Antes de meterse en el vía crucis deportivo —cuyos efectos están algo esfumados—, el actor se sumó al taquillazo de Hollywood por su regla de toda la vida. “Solo acepto los guiones que me ponen la piel de gallina, en los que me veo tomando decisiones en nombre de los personajes a medida que leo”, asegura. Jor-el, el progenitor de Superman, le convenció también por su trágica disyuntiva: ¿Enviar a tu hijo a otro planeta y no verle nunca jamás o condenarlo a la muerte en tu tierra natal, al borde de la explosión?
Crowe, padre de dos hijos de nueve y siete años, escoge la primera opción: “Cualquiera lo haría, por difícil que sea. Esa pregunta fue la clave de la película para mí”. Por ello, se metió a ocupar un papel que ya fue de Marlon Brando, en el Superman original (1978). Algo así como el epílogo de una profecía, ya que la primera canción compuesta por el joven Crowe —sí, también es músico— se titulaba I want to be like Marlon Brando.
En realidad, era una broma referida al dueño del local donde trabajaba (“solo tenía cosas de los cincuenta: su ropa, su coche, la música que ponía. Era ridículo”), aunque el neozelandés exalta al fallecido maestro de la interpretación: “Su primer trabajo que vi fue La ley del silencio, y me pareció deslumbrante. Pero con Un tranvía llamado deseo flipé. Jamás había visto esa intensidad. Cuando empecé a ver películas como esas arrancó una parte diferente de mi vida”.
Paso tras paso, ese camino le ha llevado a ser una estrella del cine mundial. Y, mientras, ha llenado su currículo con películas tan conocidas como Gladiator, American gangster, Master and commander o El dilema. Aunque, puesto a escoger, Crowe se queda con dos filmes. “Creo que mis mejores trabajos, los más profundos, son Cinderella man y Una mente maravillosa”. Curiosamente, ninguno de los dos es de Ridley Scott, el director con el que el neozelandés ha hecho cinco películas y ha ganado un Oscar y camiones de dólares. “Los sets en los que me gusta estar son los suyos. Sabe cómo hacer una película. Vuelves a casa tras un día de rodaje con él y tienes claro que has trabajado. Es como estar al lado de un pintor, aguantando la paleta de colores. Si te pide más azul, tú te vuelcas en darle más azul”, defiende Crowe.

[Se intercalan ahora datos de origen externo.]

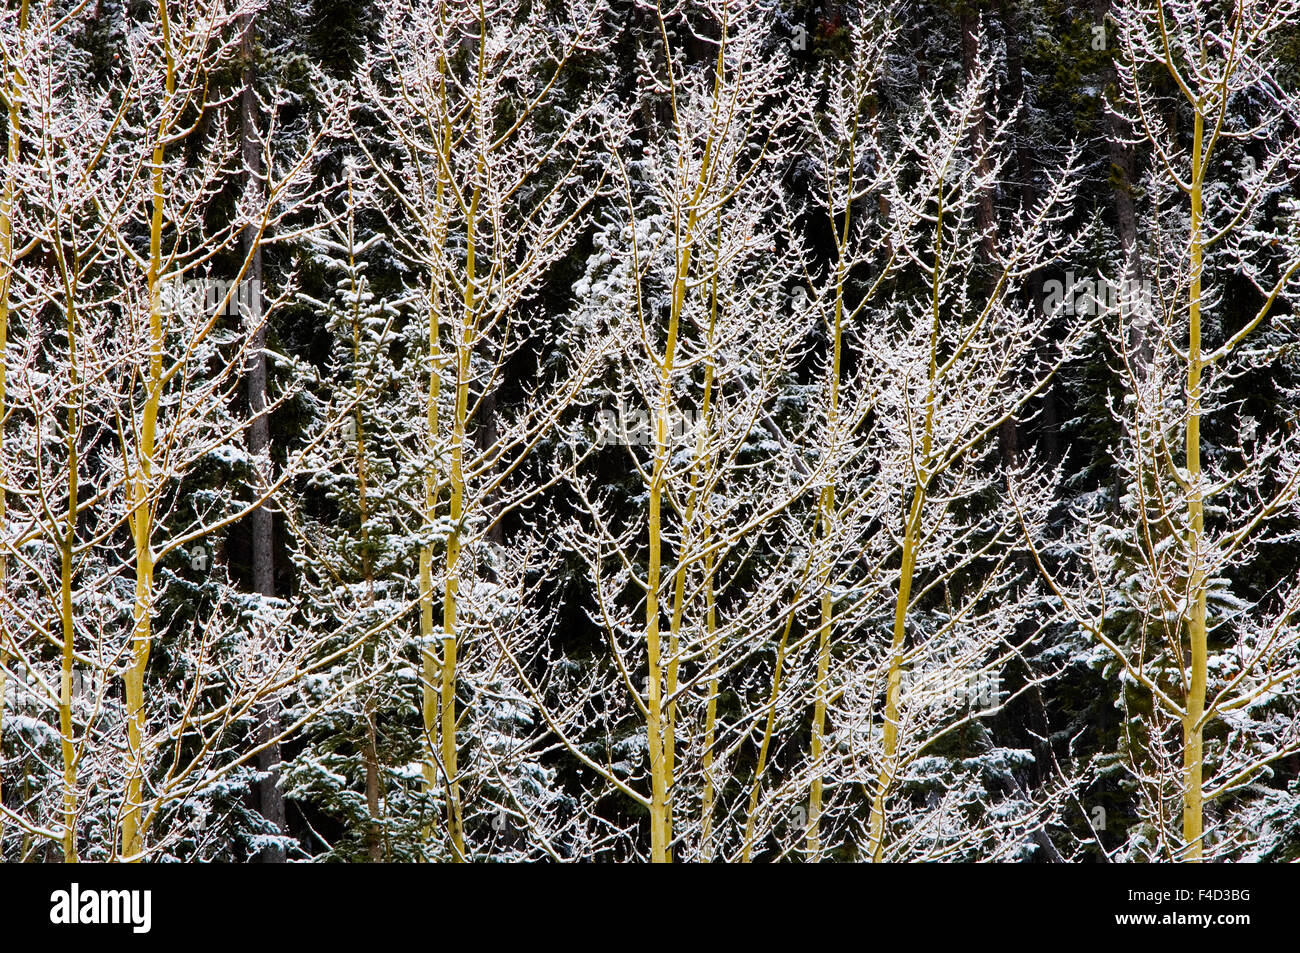 Canada, British Columbia, Mt. Robson Provincial Park. Hoarfrost on aspen trees. Credit as: Mike Grandmaison / Jaynes Gallery / DanitaDelimont.com Stock Photo

Con Ridley Scott, el actor también ha obtenido la fama planetaria. Aunque, Crowe no tiene tan claro que sea un regalo. “Me estoy acostumbrando. Ya no respondo con tanto miedo al entusiasmo de la gente. Antes me molestaba mucho. Ahora también lo veo a través de los ojos de mis hijos. Tengo que darles un buen ejemplo, lo peor que puedo hacer es reaccionar negativamente”, relata el intérprete. O, por citar un caso real, de 2005, arrojarle un teléfono a un empleado de un hotel, herirle y acabar detenido: “Todos podemos ser desagradables. Simplemente, yo lo reconozco”. Lo cierto es que también puede ser muy agradable. Como cuando regala uno de sus melódicos discos al redactor o bromea sobre su estancia en Krypton: “Son un poco irritables, es difícil intimar con ellos. Pero al final me sentí como en casa”.
El tiempo termina. La entrevista se acaba. Y la responsable de prensa prohíbe la última pregunta. “Déjale. Relájate. Está bien”, interviene el actor. ¿De repente le gusta la tortura? Quizás. Aunque también hay un truco: “Es el último, ¿no?”.